Я стал проверять по таблицам и вдруг, надо же: облигация Джидара выиграла тысячу рублей! Признаться, мне было жалко, что такой выигрыш достался кулаку, но ничего не поделаешь. Зато я стал его изобличать в попытке сеять недоверие к Советской власти. Он притих, ему стало неудобно, поскольку в избе-читальне (это было на людях) было полно людей, и он как бы был пойман "с поличным"!
У Джидара был взрослый сын 20-25 лет.

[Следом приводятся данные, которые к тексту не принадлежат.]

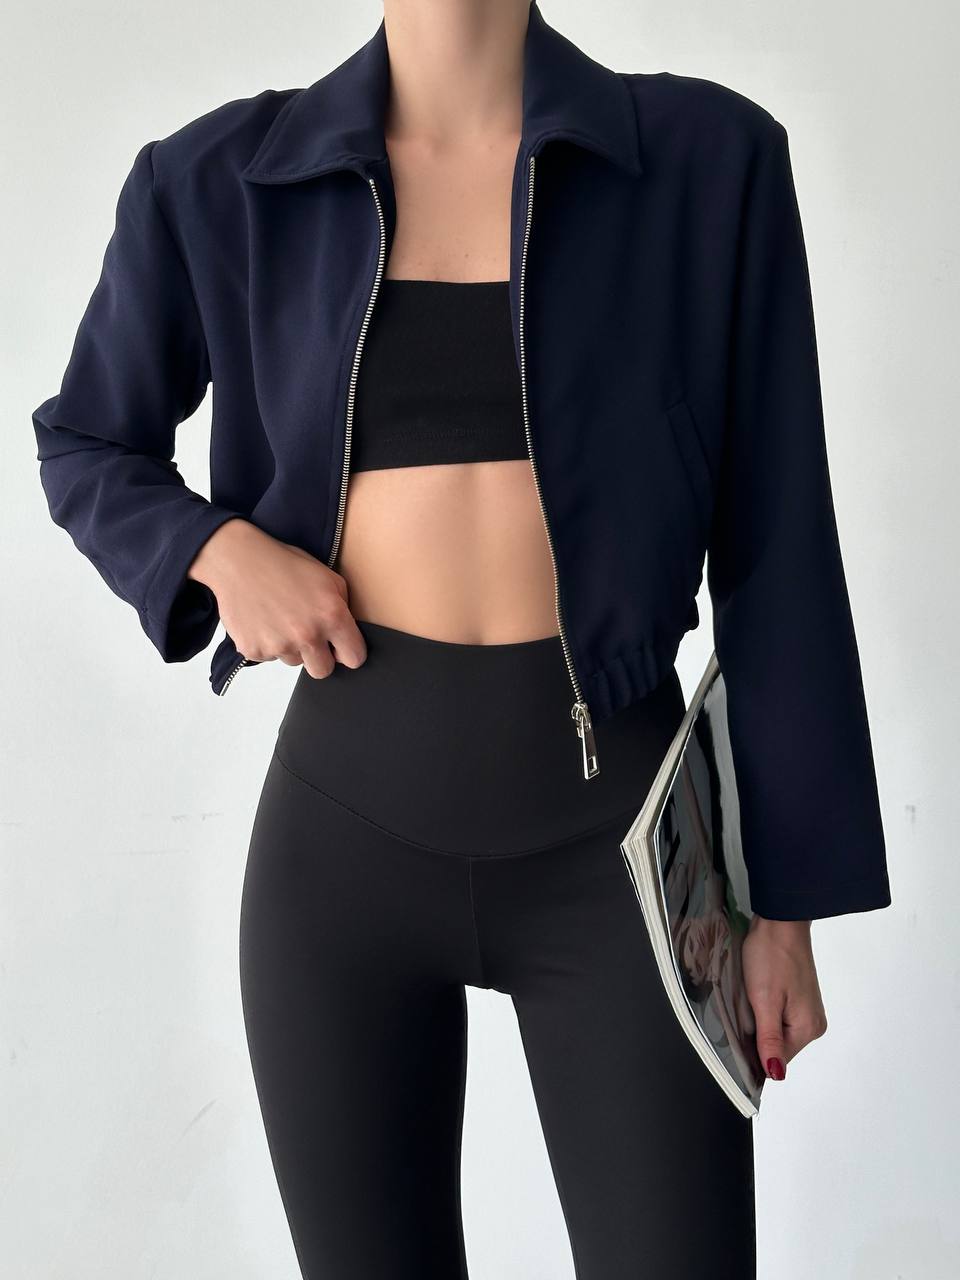 A wholesale clothing model wears Bomber Jacket - Navy Blue, Turkish wholesale Jacket of Qesto Fashion

Как-то он приехал в сельсовет на своем красавце-жеребце, и, увидев меня, спросил: "Не хочешь прокатиться на нем?" В молодости я был неравнодушен к верховой езде, даже в райцентр, который был в Горячем Ключе, не раз ездил верхом, а однажды, возвращаясь оттуда поздно, заблудился в лесу и долго искал правильную дорогу. Между тем в этом районе было большое количество волков, и в случае их нападения, я мог и не отбиться своим наганом. Поэтому предложение сына Джидара мне было по душе, к тому же нужно было заехать домой, чтобы взять портфель. Я сел на коня и проскакал два квартала, отделявшие дом от сельсовета. Когда вернулся, снял правую ногу со стремени, но не успел поставить ее на землю, как мой жеребец чего-то испугался, рванулся с места. Я не успел еще вытащить левую ногу из стремени, но крепко держал в руках уздечку, хотя висел головой вниз. Конь закружился с невероятной быстротой, я не выпускал уздечку и левой рукой, с такой же быстротой, с какой вращался жеребец, отталкивался от земли между ногами коня. Так длилось, наверное, с минуту. Из сельсовета выбежали крестьяне, в том числе хозяин коня Джидарян, и укротили коня. Выпусти я уздечку, жеребец понес бы меня по многочисленным пням лесной дороги до своей конюшни на хуторе Джидарянов. Но такую дорогу на тот свет мне суждено было избежать.
Можно было привести много других эпизодов из моей жизни в Двенадцатом селе, но они вряд ли представляют интерес в наше время.